Царь велел дьякам немедля, по опросу, сделать самый точный сибирский чертеж и затем возвысил голос.
– Зла не помню! – И только по этим словам впервые и поняли казаки, что царю известно все про них и ничего он не забыл. – Милостью взыщу, как взыскал меня господь на гноище моем. Да не омрачится ничем день сей! Не о смерти – о жизни говорю днесь. Зрите, слепые: царство Сибирское верными рабами покорено под нашу державу.
Он стоял во весь рост, худой, высокий, серебро одежды струилось по нему. Он воскликнул с внезапной силой:
– Радуйтеся! Новое царство послал бог Русии!
Несколько голосов в палате прокричали:
– Радуйтеся!
И человек с одутловатыми щеками и потным гладким лбом, сидевший неподалеку от царя, стал часто креститься.
То был царевич Федор.
Гости расселись у столов по старшинству и чинам. Старцы в тяжелой парчовой одежде безучастно дремали на лавках. Более молодые переговаривались, кое-где о чем-то спорили. Приглушенный гул стоял под низкими сводами. Тут были Шуйские, Мстиславские, Трубецкие, Шереметевы, Голицыны – рюриковичи, гедиминовичи, действительные и воображаемые потомки "отъехавших" ордынских князьков, патриархи и птенцы старинных "колен", заметно поредевших при Иоане.
Слуги быстро, бесшумно уставили столы посудой. Четверо внесли огромную серебряную корзину с хлебом.
Гул утих. В створчатых дверях показался Иван Васильевич. Опираясь на палку, медленно, между поднявшихся и кланявшихся бояр, прошел он к креслу. С ним рядом шел статный, в роскошной русой бороде, оружничий. На вскинутой голове царя был венец из золотых пластин с жемчужными подвесками.
– Благослови, отче! – высоким голосом сказал царь.
Митрополит в белом клобуке благословил трапезу.
Стали обносить блюдами. Молодец в бархате остановился с низким поклоном перед Иваном Кольцо.
– Царь и великий князь Иван Васильевич всея Руси жалует тебя хлебом.
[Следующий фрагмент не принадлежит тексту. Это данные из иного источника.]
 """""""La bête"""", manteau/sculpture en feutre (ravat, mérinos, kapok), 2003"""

Бархатный молодец удалился, бесшумно ступая, важно неся, как чашу с дарами, свое уже начинавшее тучнеть немолодое тело.
Ильин потянулся отломить себе кусок, его дернули за рукав.
– Поголодай, не горячись, – присоветовал Мелентий Нырков. – Как он к тебе подойдет, тогда, значит, можно – ешь. Занятие-то у него одно, нетяжкое, а сам точно птица райская. Ино и все так. Я землю пахал, хлебушко возращивал – с боярином слова молвить не смел; а с легкой душой пошел по земле, – глядишь, и к царю позвали…
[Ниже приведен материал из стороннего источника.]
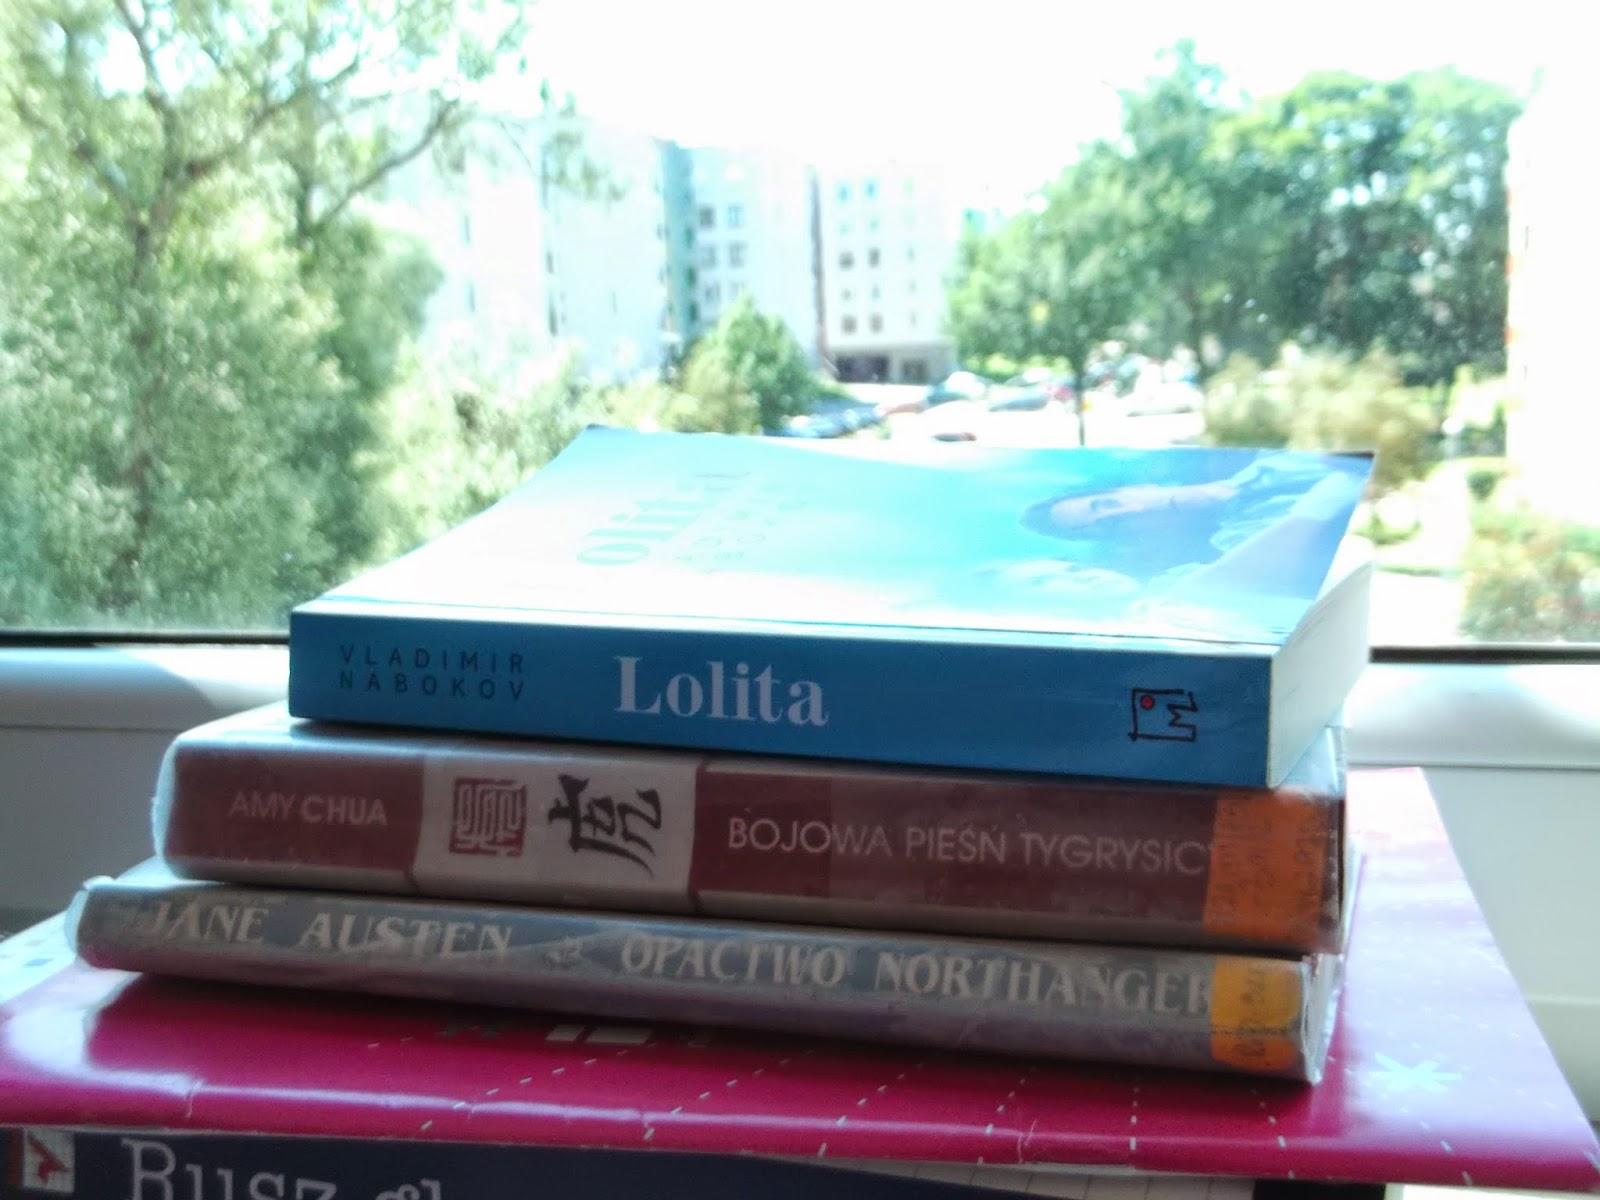 books, Lolita, Northanger Abbey, Bojowa pieśń tygrysicy, opactwo Northanger, książki, wakacje

Вскоре веселый красногубый боярин принял на себя попечение о сибирских послах. Он потчевал их:
– Кушайте, пейте во здравие. Радость-то, радость какую привезли. Гостюшки дорогие…
Яств было множество – в подливах, в соках, то пресных, то обжигавших рот незнакомой пряной горечью. Мелентий Нырков жалко сморщился.
– Вино, как мед, – пробурчал Родион, – рыбка зато с огоньком.
Боярин всплеснул холеными белыми ладонями.
– Из-за моря огонек! – И он стал перечислять: корица, пипер, лист лавровый, венчающий главы пиитов.
– Мы к баранине привычные, – не поняв, сказал сотник Ефремов.
Гаврила Ильин тоже не мог разобрать, вкусно все это или нет, но было это как во снах, и он ел и утирался рукавом, и с гордостью смотрел, как все эти люди в цветных сияющих облачениях рады им, казакам, и стараются услужить, а у каждого из этих людей под началом – город или целая рать. И Гаврила пытался сосчитать, сколько ратей у царя Ивана, и, забывшись, толкнул бело-розового старичка в серебристом херувимском одеянии по левую руку от себя.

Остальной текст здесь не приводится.